Jimmy
My grumbles are somewhat tongue in cheek - yet with a serious undertone.
IMF-Bentham's disclosure faults from being
too good. I
n earlier years when they juggled a few large cases, the outcome of each was indeed material. But now, when we have 60-70 cases and growing, and now most cases moderated into more manageable sizes, the significance of each one, EVEN where all full particulars were to be given, are largely immaterial.
I joking referred to IMF-Bentham's continuous disclosure as akin to BHP announcing when each next coal cargo ship dispatched from Australia shores.
I once understood 'price sensitive' as a rule of thumb to be about 10% the value of a balance sheet asset size, and anything that would impact the income statement's bottom line by more than 5%.
I once tried to make sense of these announcements, that they have become beyond meaninglessly vague out of the US, and vague too, as we now have the quantity of cases to know that cases will be constantly be written.

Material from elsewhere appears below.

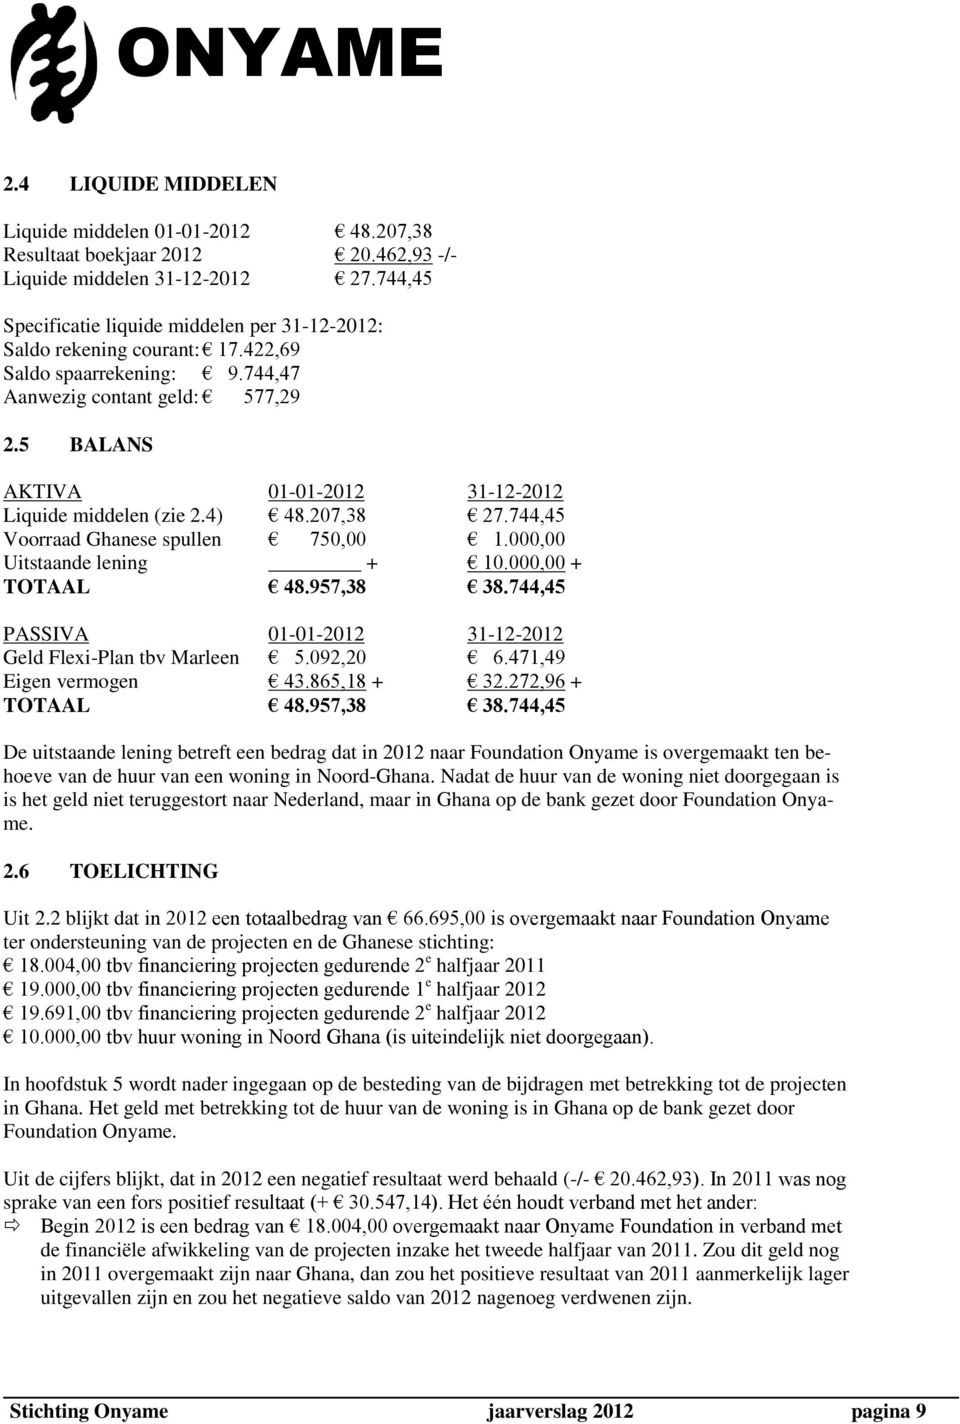 5 BALANS AKTIVA 01-01-2012 31-12-2012 Liquide middelen (zie 2.4) 48.207,38 27.744,45 Voorraad Ghanese spullen 750,00 1.000,00 Uitstaande lening + 10.000,00 + TOTAAL 48.957,38 38.

I don't believe any investor makes any sense of them, and if so, I'd be keen to know how?
Are we simply to assume that each new announcement equals about a $60m case investment?
But if IMF-Bentham cannot disclose details upfront, then so be it.
I'd suggest:- Let's wait until the cases conclude, where a simple summation inter quarterly announcement with substantive facts, will keep the keenest investor up to date.
i.m.h.o.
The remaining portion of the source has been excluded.